> **SUPPLIED INFORMATION**:
■ ■ ■ ■
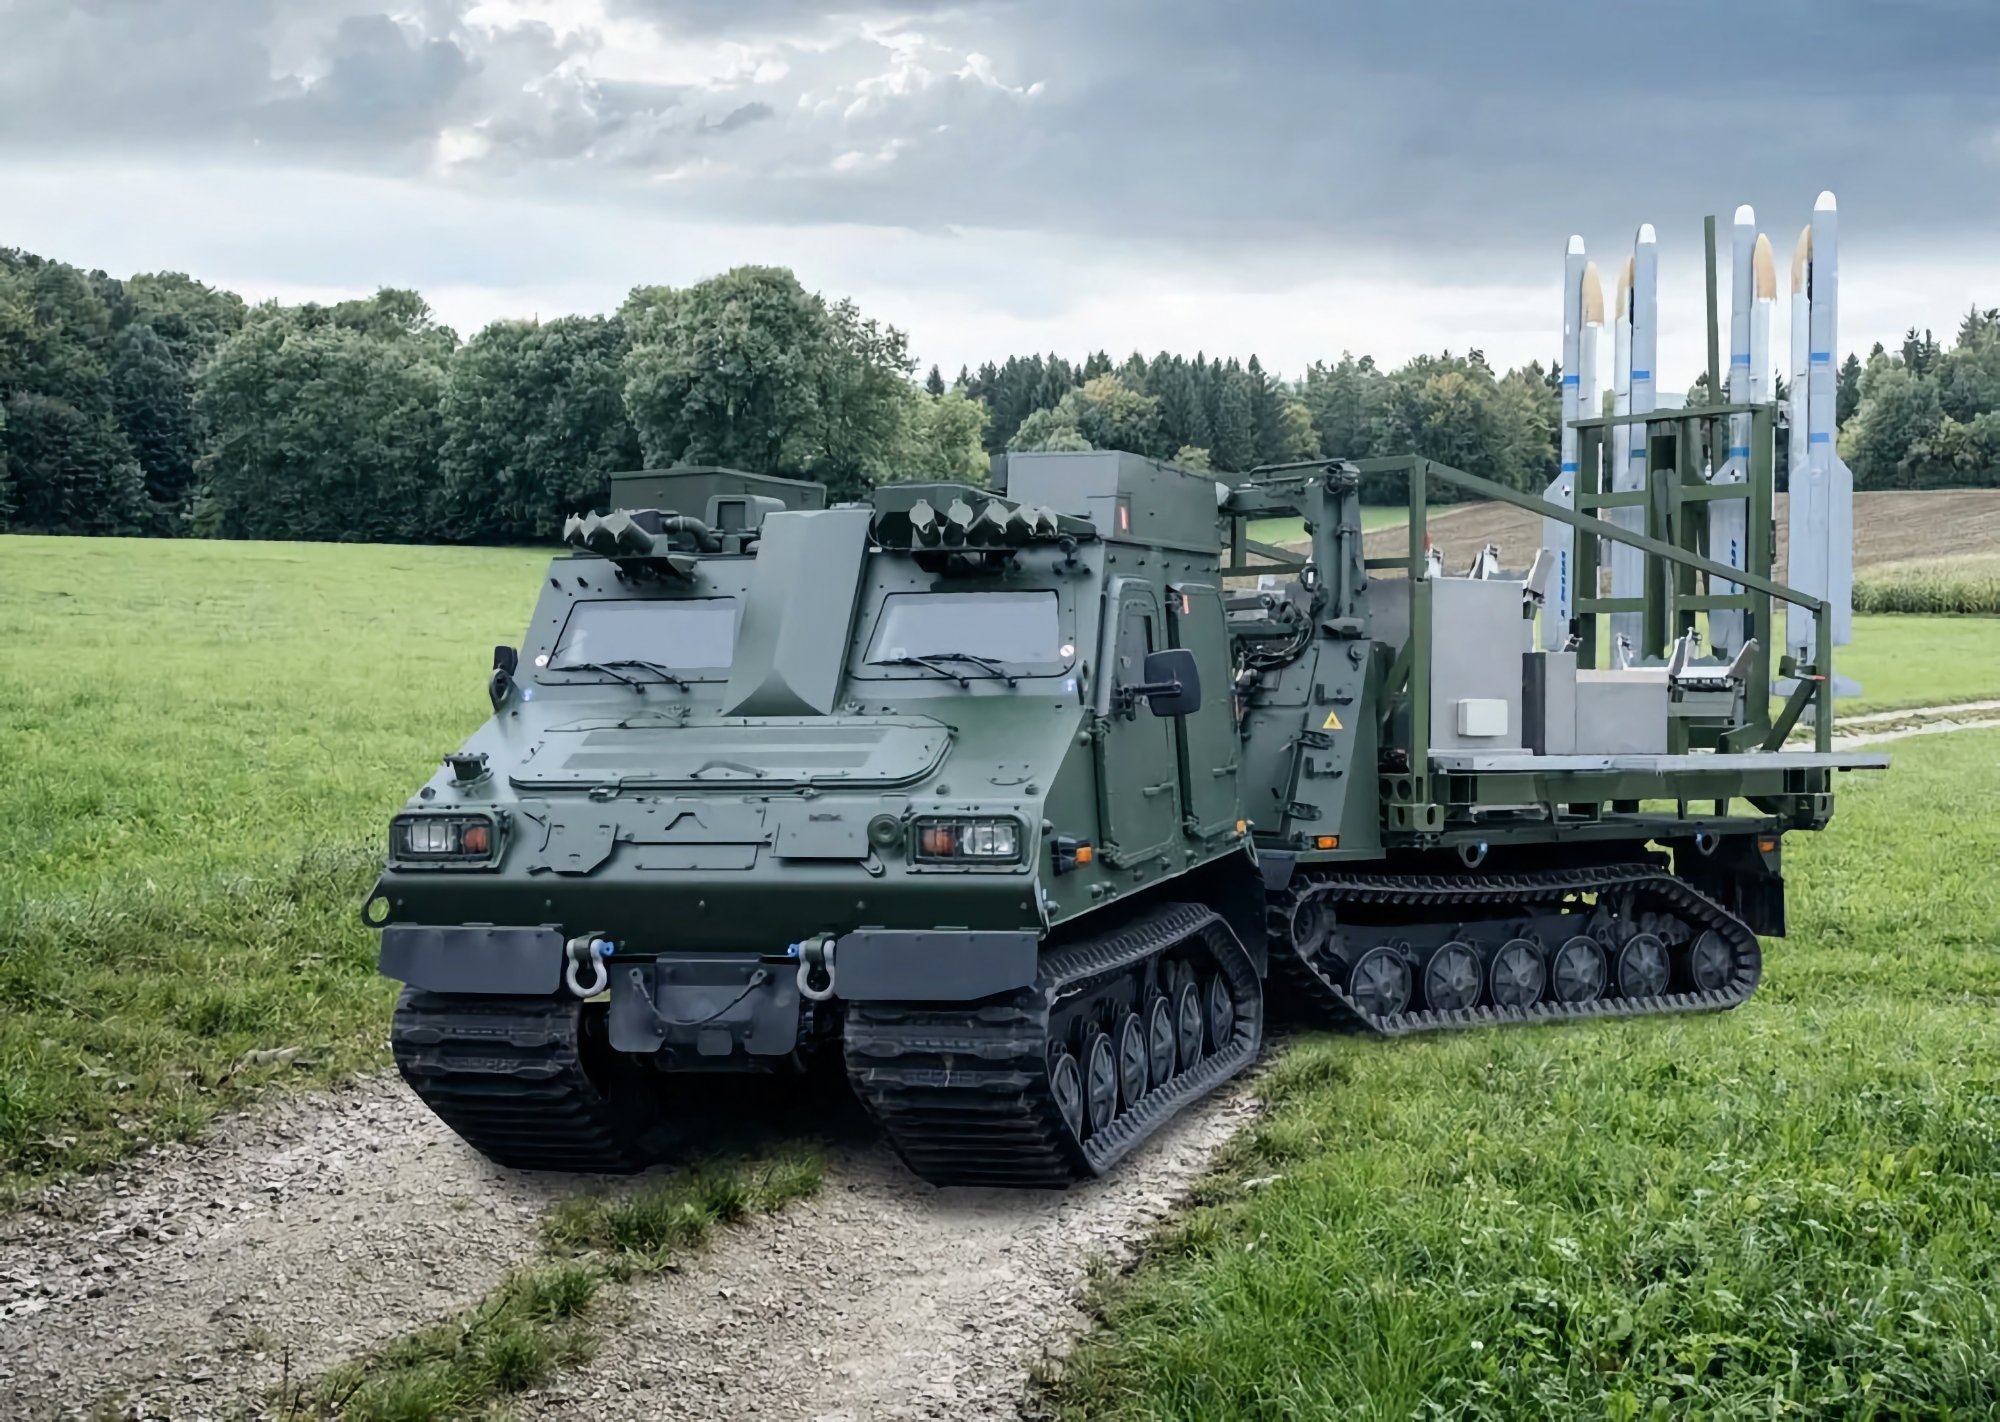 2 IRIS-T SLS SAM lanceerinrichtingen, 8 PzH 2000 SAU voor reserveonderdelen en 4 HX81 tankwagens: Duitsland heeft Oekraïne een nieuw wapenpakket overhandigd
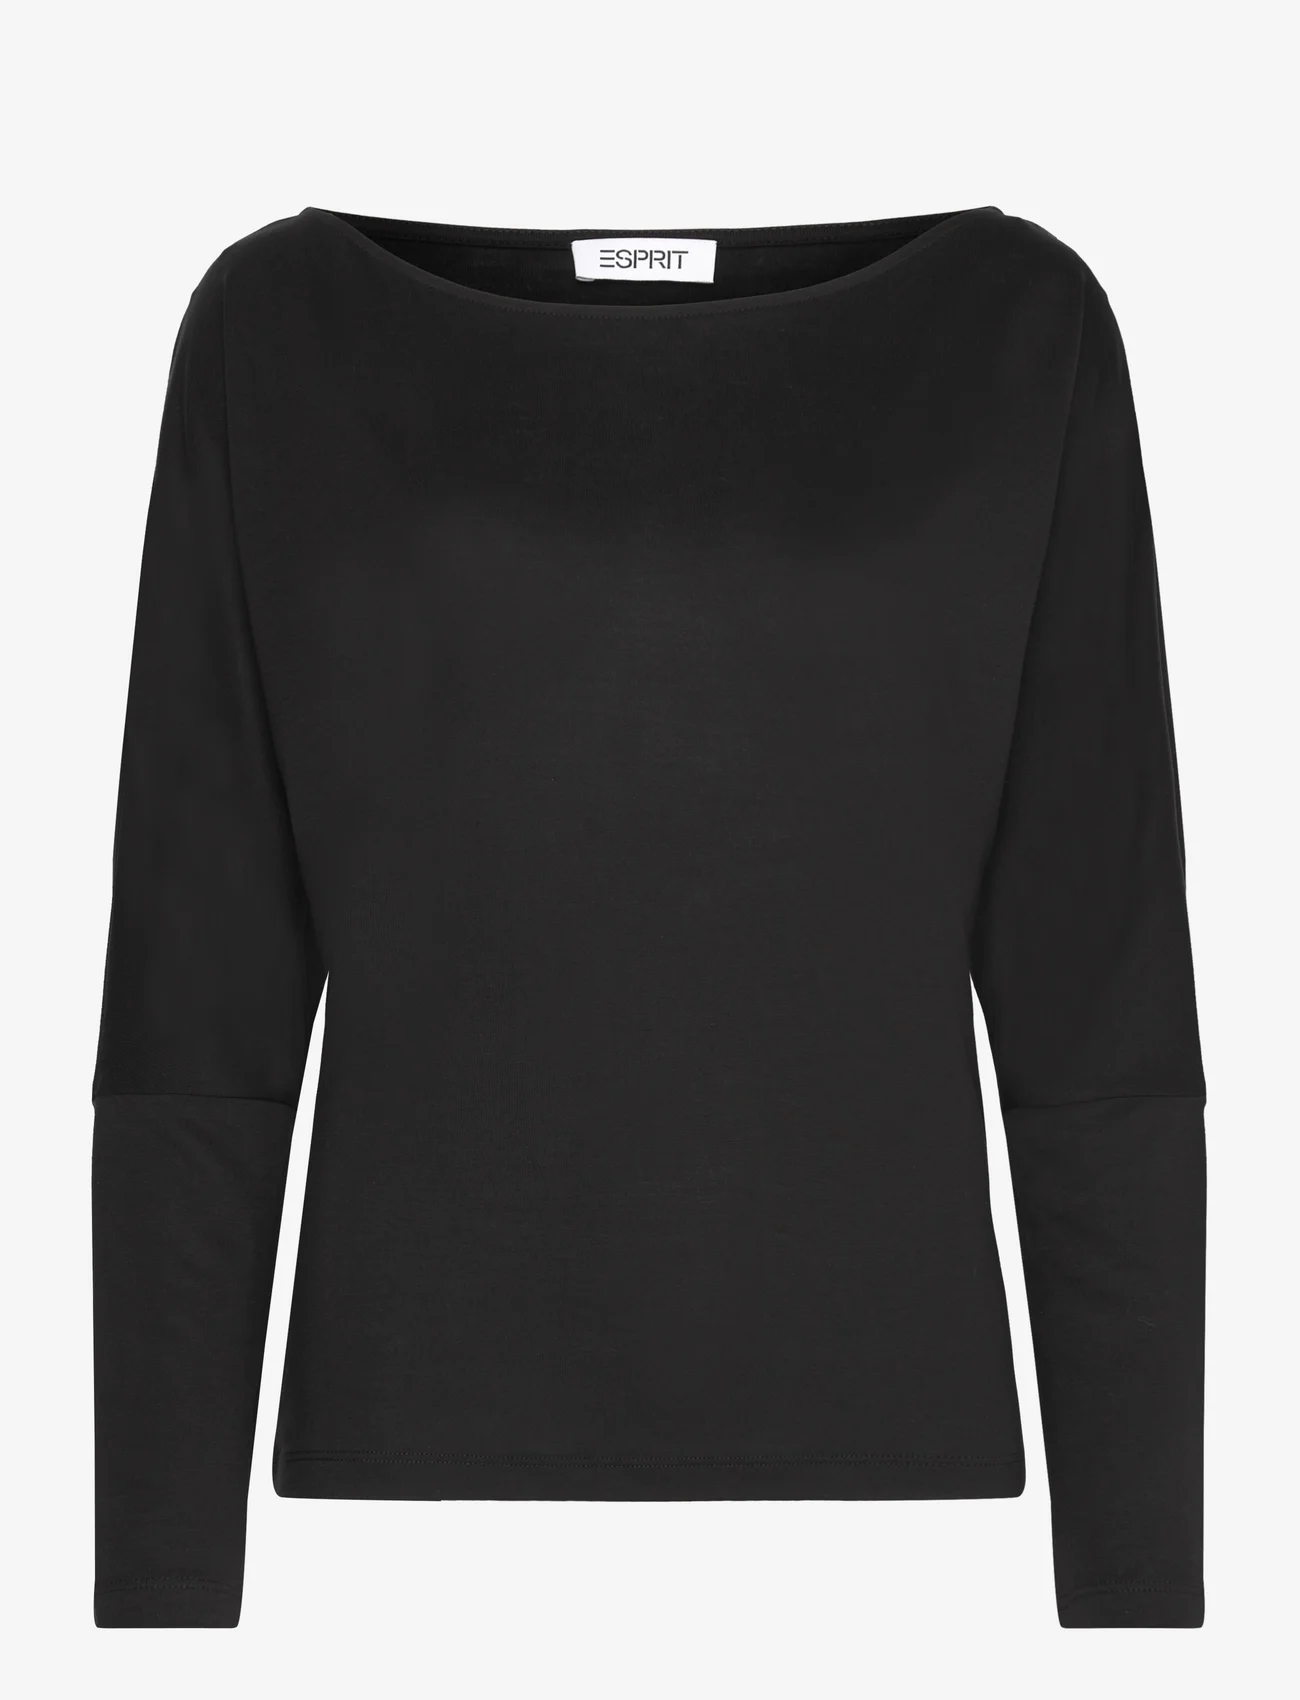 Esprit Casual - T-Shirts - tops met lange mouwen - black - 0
■ ■ ■ ■
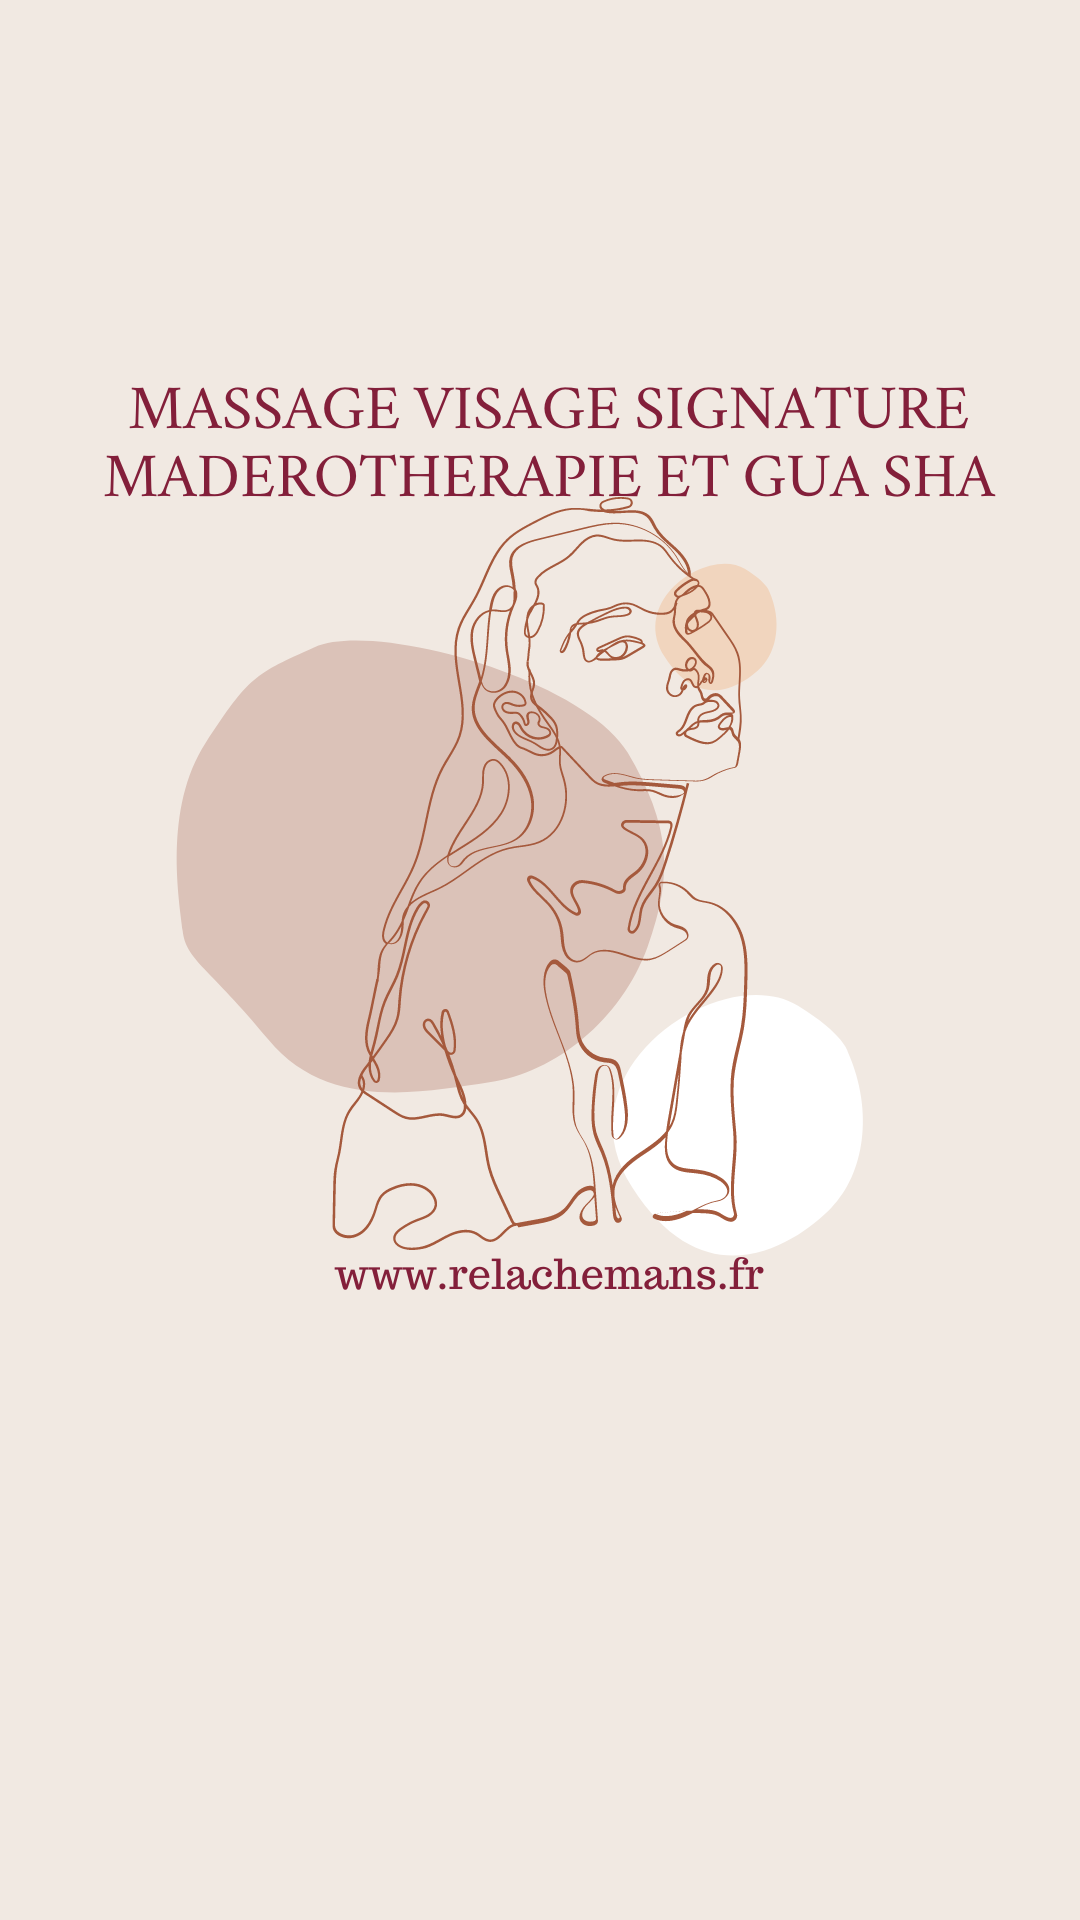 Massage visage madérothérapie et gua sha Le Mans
■ ■ ■ ■
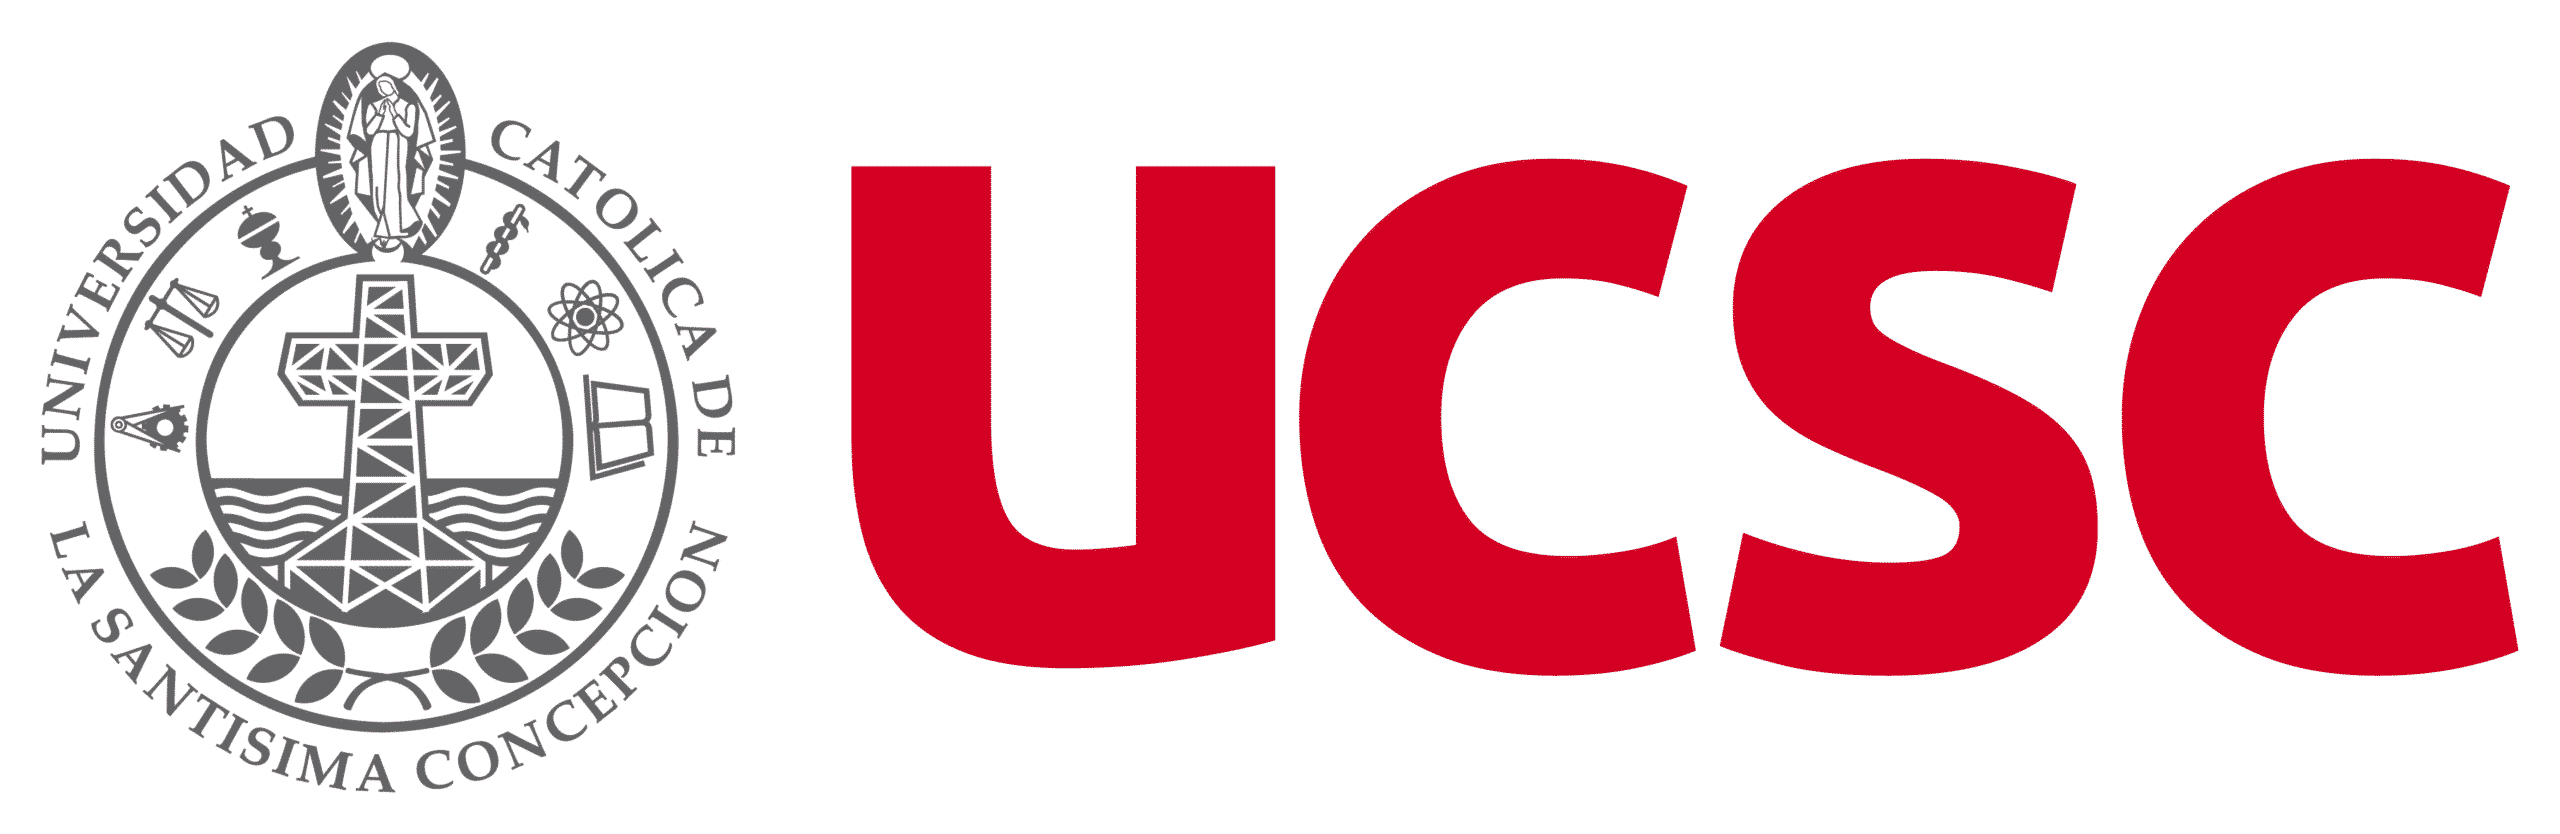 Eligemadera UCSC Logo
■ ■ ■ ■
> **TASK REQUIREMENTS**:
Look above for the line containing "2 IRIS-T SLS", then copy exactly from it through the line containing "Esprit Casual - T-Shirts", keeping both and leaving out pictures. Add nothing else.

> **REPLY**:
 2 IRIS-T SLS SAM lanceerinrichtingen, 8 PzH 2000 SAU voor reserveonderdelen en 4 HX81 tankwagens: Duitsland heeft Oekraïne een nieuw wapenpakket overhandigd
 Esprit Casual - T-Shirts - tops met lange mouwen - black - 0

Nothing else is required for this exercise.